━━ EXERCISE MATERIALS ━━
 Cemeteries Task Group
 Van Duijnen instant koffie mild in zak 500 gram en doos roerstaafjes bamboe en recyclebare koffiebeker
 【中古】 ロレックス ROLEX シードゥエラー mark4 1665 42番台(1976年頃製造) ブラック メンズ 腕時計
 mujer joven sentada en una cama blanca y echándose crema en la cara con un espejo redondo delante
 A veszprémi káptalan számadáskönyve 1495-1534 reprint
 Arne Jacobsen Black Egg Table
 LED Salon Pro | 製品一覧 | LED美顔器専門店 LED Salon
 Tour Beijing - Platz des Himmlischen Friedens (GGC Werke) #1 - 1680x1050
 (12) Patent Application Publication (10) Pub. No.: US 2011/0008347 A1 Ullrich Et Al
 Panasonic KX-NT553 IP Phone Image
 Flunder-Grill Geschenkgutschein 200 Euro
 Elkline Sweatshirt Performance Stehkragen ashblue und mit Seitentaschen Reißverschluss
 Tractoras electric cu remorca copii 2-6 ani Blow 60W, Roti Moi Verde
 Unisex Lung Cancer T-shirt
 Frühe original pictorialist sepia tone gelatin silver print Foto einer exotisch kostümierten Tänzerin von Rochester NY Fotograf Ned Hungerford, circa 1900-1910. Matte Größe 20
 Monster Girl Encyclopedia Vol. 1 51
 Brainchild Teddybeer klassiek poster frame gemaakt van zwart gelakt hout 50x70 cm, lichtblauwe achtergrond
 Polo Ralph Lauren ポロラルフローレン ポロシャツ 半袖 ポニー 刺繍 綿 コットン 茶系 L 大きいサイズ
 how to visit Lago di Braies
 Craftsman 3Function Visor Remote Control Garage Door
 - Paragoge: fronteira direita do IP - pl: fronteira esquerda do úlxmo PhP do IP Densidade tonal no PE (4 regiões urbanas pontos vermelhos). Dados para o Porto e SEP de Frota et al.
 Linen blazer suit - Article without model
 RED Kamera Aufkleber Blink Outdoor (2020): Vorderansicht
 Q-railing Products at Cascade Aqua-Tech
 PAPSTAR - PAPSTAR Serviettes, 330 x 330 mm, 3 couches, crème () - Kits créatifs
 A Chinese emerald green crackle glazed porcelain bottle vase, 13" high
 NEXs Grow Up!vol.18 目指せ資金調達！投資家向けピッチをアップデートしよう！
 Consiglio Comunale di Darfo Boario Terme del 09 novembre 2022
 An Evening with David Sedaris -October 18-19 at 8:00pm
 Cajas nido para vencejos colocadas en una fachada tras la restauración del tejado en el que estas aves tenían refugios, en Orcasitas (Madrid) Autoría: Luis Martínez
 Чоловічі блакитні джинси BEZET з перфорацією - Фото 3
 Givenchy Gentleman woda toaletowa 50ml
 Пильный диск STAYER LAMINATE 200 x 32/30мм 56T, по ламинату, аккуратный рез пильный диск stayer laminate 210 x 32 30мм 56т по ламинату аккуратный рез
━━━
Return every line of the material word for word.

 Cemeteries Task Group
 Van Duijnen instant koffie mild in zak 500 gram en doos roerstaafjes bamboe en recyclebare koffiebeker
 【中古】 ロレックス ROLEX シードゥエラー mark4 1665 42番台(1976年頃製造) ブラック メンズ 腕時計
 mujer joven sentada en una cama blanca y echándose crema en la cara con un espejo redondo delante
 A veszprémi káptalan számadáskönyve 1495-1534 reprint
 Arne Jacobsen Black Egg Table
 LED Salon Pro | 製品一覧 | LED美顔器専門店 LED Salon
 Tour Beijing - Platz des Himmlischen Friedens (GGC Werke) #1 - 1680x1050
 (12) Patent Application Publication (10) Pub. No.: US 2011/0008347 A1 Ullrich Et Al
 Panasonic KX-NT553 IP Phone Image
 Flunder-Grill Geschenkgutschein 200 Euro
 Elkline Sweatshirt Performance Stehkragen ashblue und mit Seitentaschen Reißverschluss
 Tractoras electric cu remorca copii 2-6 ani Blow 60W, Roti Moi Verde
 Unisex Lung Cancer T-shirt
 Frühe original pictorialist sepia tone gelatin silver print Foto einer exotisch kostümierten Tänzerin von Rochester NY Fotograf Ned Hungerford, circa 1900-1910. Matte Größe 20
 Monster Girl Encyclopedia Vol. 1 51
 Brainchild Teddybeer klassiek poster frame gemaakt van zwart gelakt hout 50x70 cm, lichtblauwe achtergrond
 Polo Ralph Lauren ポロラルフローレン ポロシャツ 半袖 ポニー 刺繍 綿 コットン 茶系 L 大きいサイズ
 how to visit Lago di Braies
 Craftsman 3Function Visor Remote Control Garage Door
 - Paragoge: fronteira direita do IP - pl: fronteira esquerda do úlxmo PhP do IP Densidade tonal no PE (4 regiões urbanas pontos vermelhos). Dados para o Porto e SEP de Frota et al.
 Linen blazer suit - Article without model
 RED Kamera Aufkleber Blink Outdoor (2020): Vorderansicht
 Q-railing Products at Cascade Aqua-Tech
 PAPSTAR - PAPSTAR Serviettes, 330 x 330 mm, 3 couches, crème () - Kits créatifs
 A Chinese emerald green crackle glazed porcelain bottle vase, 13" high
 NEXs Grow Up!vol.18 目指せ資金調達！投資家向けピッチをアップデートしよう！
 Consiglio Comunale di Darfo Boario Terme del 09 novembre 2022
 An Evening with David Sedaris -October 18-19 at 8:00pm
 Cajas nido para vencejos colocadas en una fachada tras la restauración del tejado en el que estas aves tenían refugios, en Orcasitas (Madrid) Autoría: Luis Martínez
 Чоловічі блакитні джинси BEZET з перфорацією - Фото 3
 Givenchy Gentleman woda toaletowa 50ml
 Пильный диск STAYER LAMINATE 200 x 32/30мм 56T, по ламинату, аккуратный рез пильный диск stayer laminate 210 x 32 30мм 56т по ламинату аккуратный рез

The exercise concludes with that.